The geese are honking overhead like a siren for the coming cold. In their departure they forewarn. Farewell, fair weather friends; I can feel winter in your wake.
Frosted glass is the new view — inside the house, atop the vehicles, through my glasses. It simply means there’s warmth on the inside, and that’s a sign of life. Warm blood pushing back against frigidity is a highborn effort. I’m thankful to be counted among those who take shelter in the pulsing flush of the living.
Everything needs a bit more right now: the critters need bulk for the cold; the children need meat for the bones; the chilled need layers for comfort. I find myself searching for the more that they all need within cabinets, closets, and drawers. Sometimes it’s bare in there, so I stretch toward the places I can’t actually reach, in faith, and it’s never empty. We are full.

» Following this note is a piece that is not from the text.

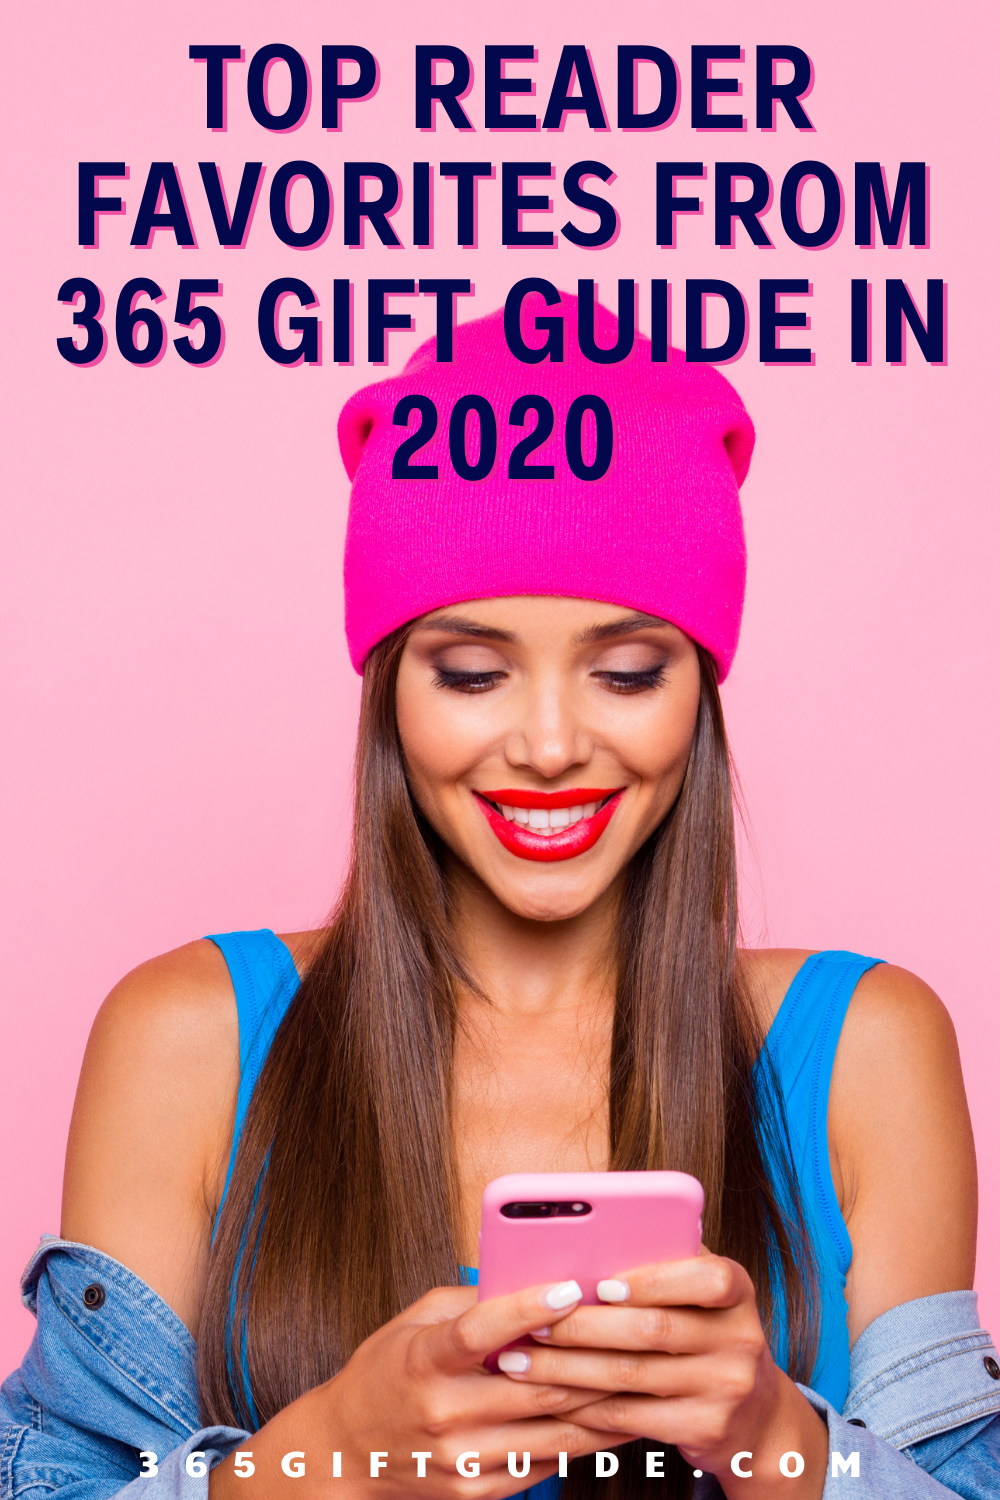 top 25 reader favorites from 365 Gift Guide in 2020

Cold makes things constrict, and the human heart is no exception. It’s only natural to draw in and tense up when nothing feels good. That’s when we remember that He is good, no matter how we feel. My feelings would burn me at the stake, if I let them. That’s not the right way to produce heat, though. Dealing gently with my soul will keep it from freezing — keep it as thawed thumping flesh. This way it can feel, and won’t give way to frostbite in the bleak of winter.
I want to set my face towards each new season, without fear or misinterpretation. There’s specific preparation and work for each one. I don’t want to endure it; I want to embrace it. This is the difference between surviving and thriving, really, and I’ve lived enough of my life white-knuckling it through. Open hands and an open heart can hurt more, but it’s the best form to live your best life.